5 Rarities In The First Days Of Your Baby’s Life
The first few days of a baby’s life are always unique. Even mothers, for whom it is not the first experience, are always amazed at the miracle of life and various rarities in the first days of their baby’s life.
Baby’s birthday is a unique day that no mother will ever forget. Today’s article is about the first few days after that, as a number of things worth mentioning happen during this time.
What happens in your baby’s first days of life?
No matter how long you plan in advance for this day and beyond, once the baby arrives, chaos reigns. You only think about your child and forget everything else.
In the first few days of life, your baby adapts to the world outside of the womb. Everything is new and completely different than before.
Scientists have found that fetuses can already ingest some things that take place outside the womb. But they cannot imagine all the changes that are coming.
Have you ever wondered what it’s like to breathe in your womb? Or how do certain functions change in the first days of life? How can our babies see and hear us?

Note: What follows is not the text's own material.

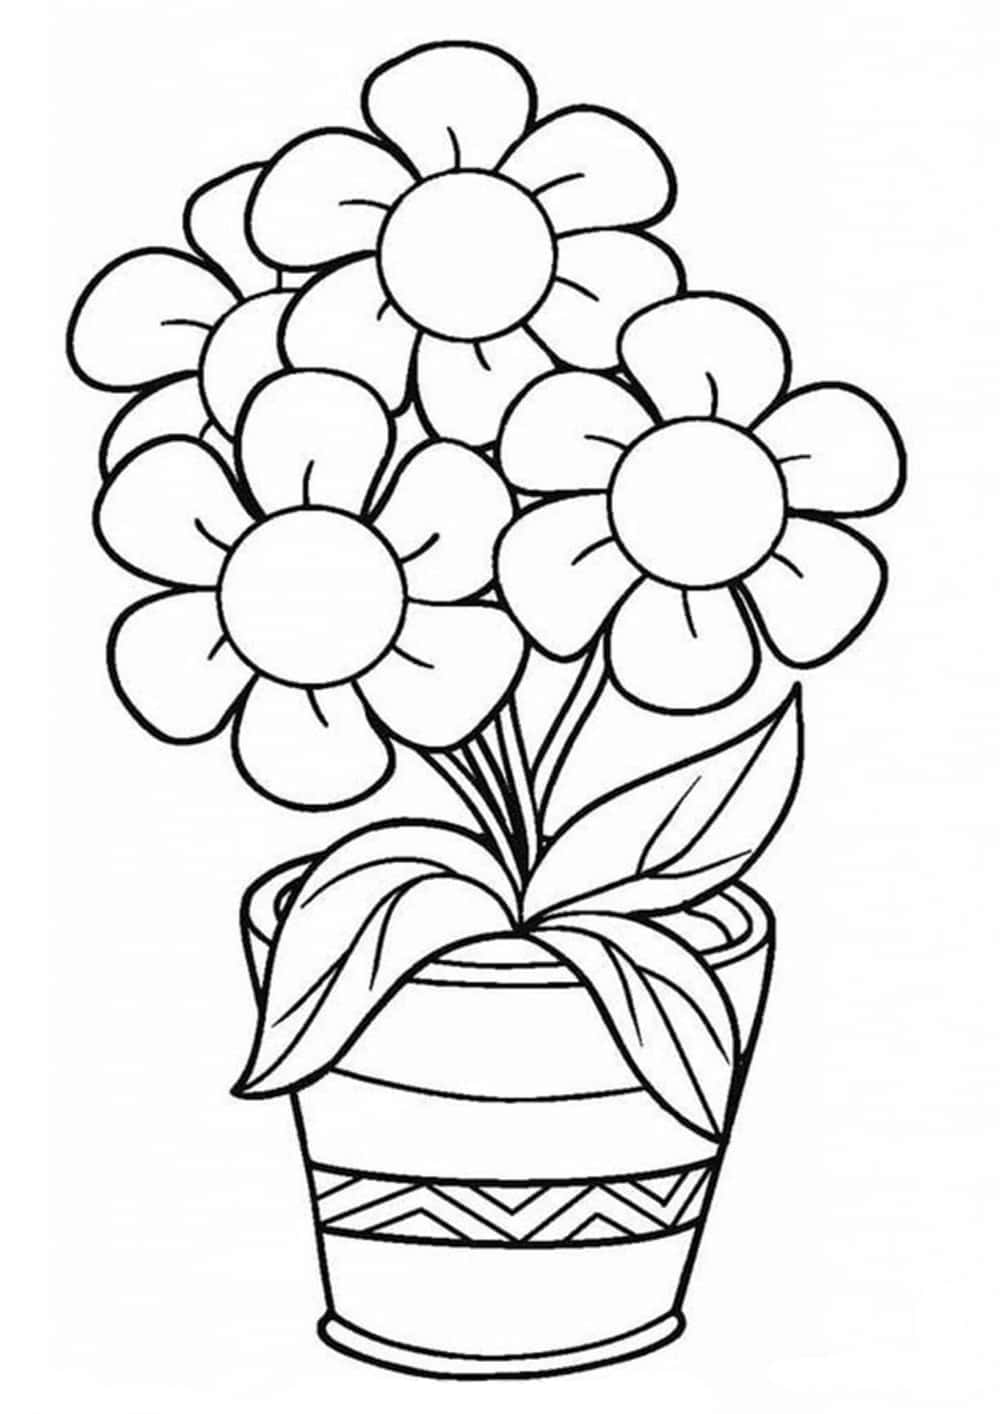 "Bring some color to your day with these beautiful flower coloring pictures!"
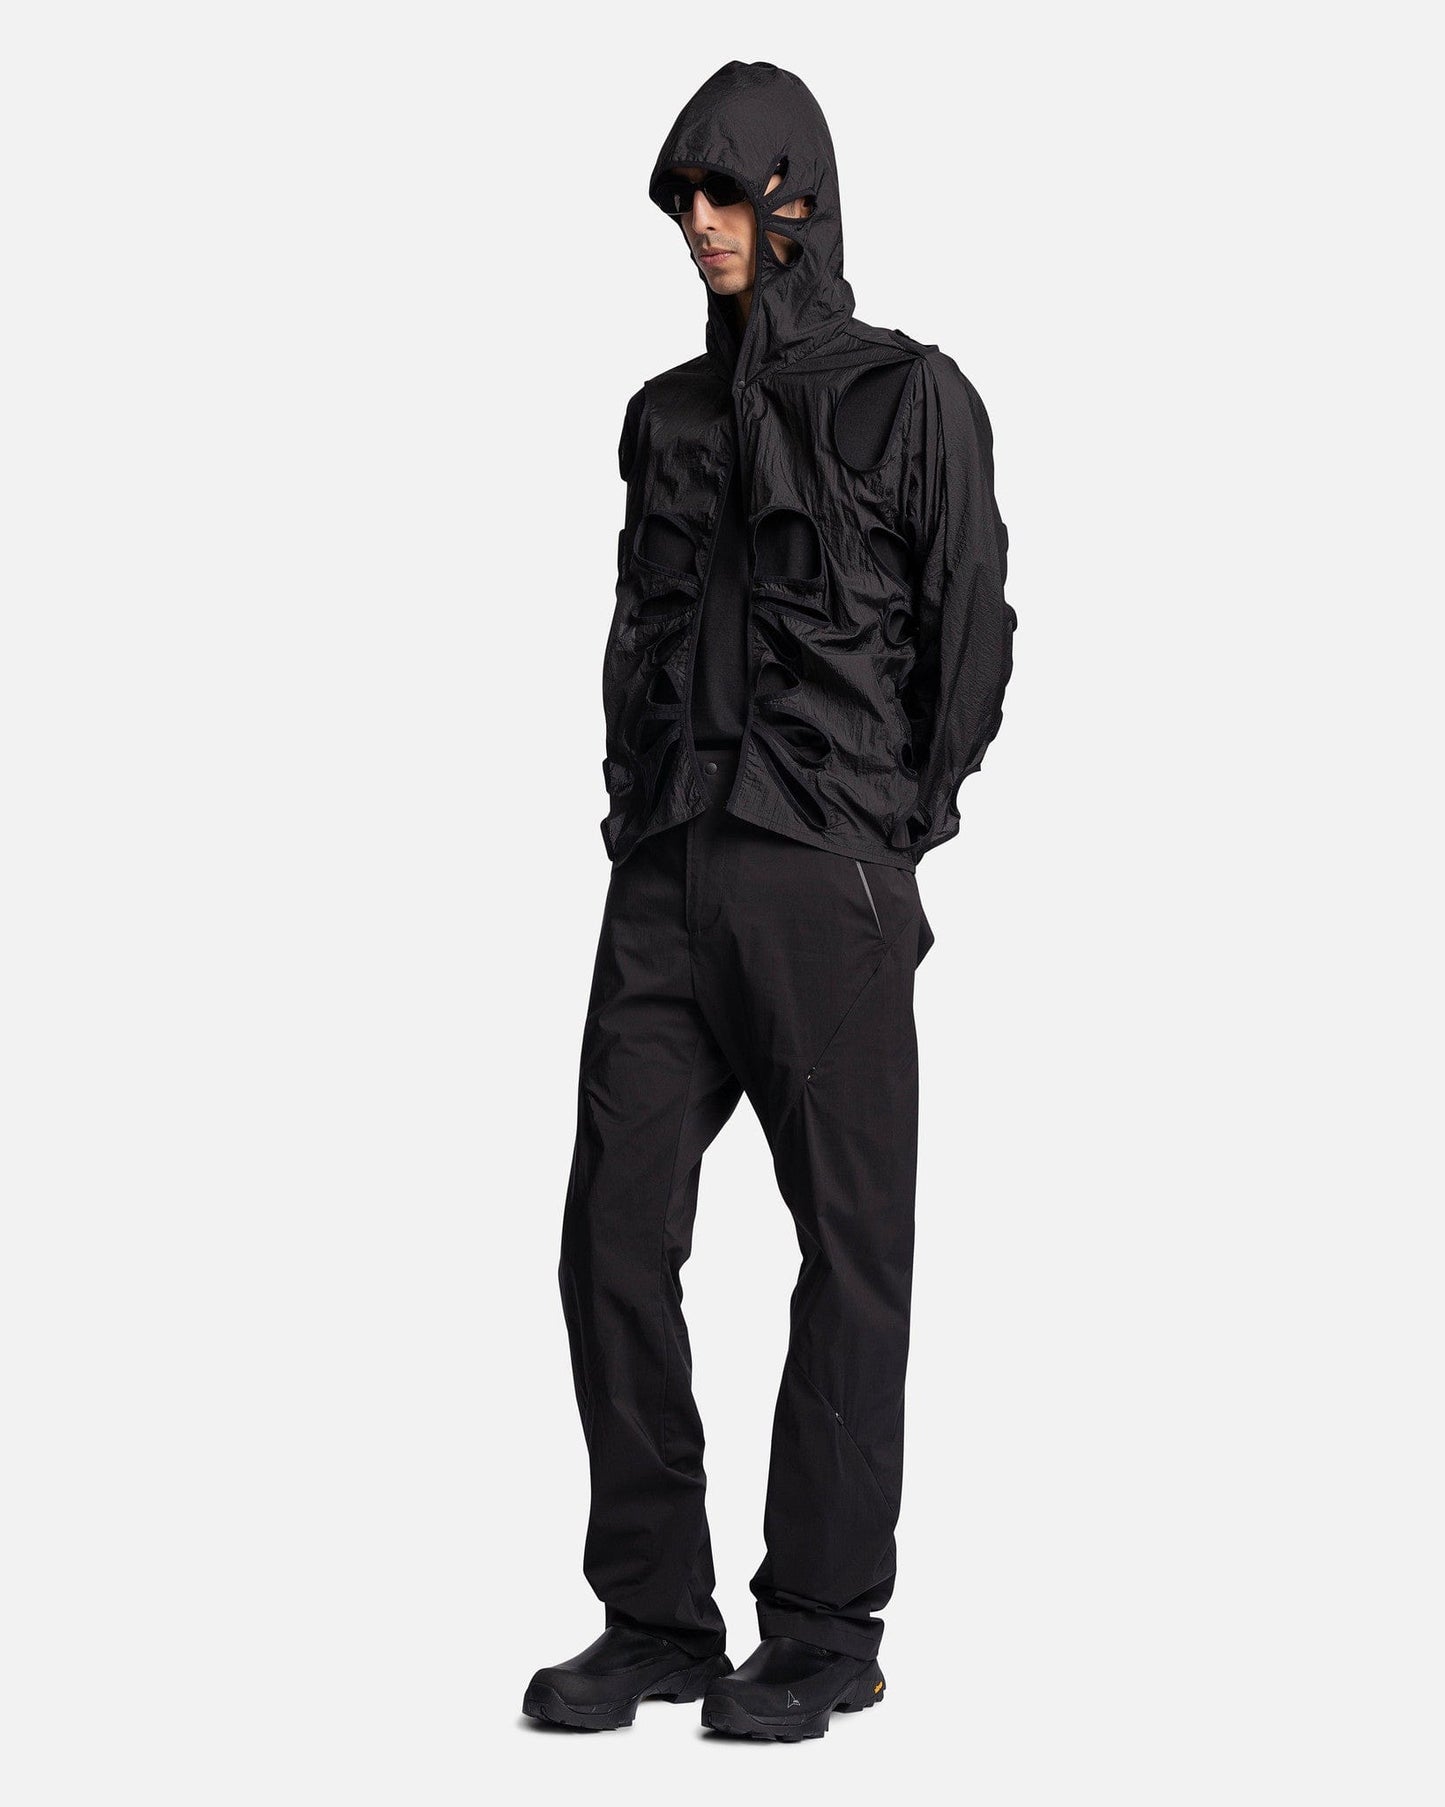 POST ARCHIVE FACTION (P.A.F) Men's Jackets 5.0+ Technical Jacket Left in Black

Then you will find some explanations to better understand how babies feel in the first few days of life.
Hair, eyes, mouth and heart
- A baby’s hair is so delicate that it can fall out just by rubbing it against the bed sheet. As a result, many babies go bald quickly. Soon, new, stronger hair will grow.
- A newborn’s tear ducts are not yet open, which means that they will cry without tears for the first few days.
- A baby’s lips are so delicate that small bubbles from sucking on the breast can form around them.
- In the first days of life, the heartbeat is still very fast: the small pump often beats twice as fast as an adult – between 130 and 160 times per minute.
The breathing
- Adults do not breathe and swallow at the same time. But a newborn can still do this in the first days of life. It retains this ability until it is six months old so that it can be breastfed.
- You may be concerned because your baby sneezes so much. But it does this to clear its airway.
- Newborns don’t know how to breathe through their mouth. They only breathe through their noses.
- Newborns can hold their breath underwater. They even have an instinct for swimming. But this ability disappears very quickly.
Hygiene in newborns
- Because their sweat glands are not yet developed, they won’t sweat for the first few days of your baby’s life.
- The breath of newborns is always fresh. That’s because they don’t have teeth. Bad breath comes from the accumulation of bacteria in your teeth.
Your baby’s senses in the first days of life
- Babies know their mother and other details through their sense of smell. Your sense of smell is the most developed sense.
- After four months in the mother’s womb, a baby is ready to protect itself from light and can react to loud noises.
- Small babies can only focus their gaze up to a distance of about 20-25 cm. This is roughly the distance between mother and baby when breastfeeding.
Physical growth: weight and height
- If your child has a cold, they won’t grow.
- After six months, your child will have doubled their birth weight. When it’s a year old, tripled.
- The length of a baby’s foot during the first few days of life is one third of the adult foot. By the time the baby is one year old, his foot is about half the length of what it was as an adult.
- From conception to birth, your baby’s weight multiplies approximately 3,000 million times.
- Even if newborns put on more weight in autumn, they grow twice as fast in spring.
- Babies born in May can weigh up to 200 grams more than babies born in other times of the year.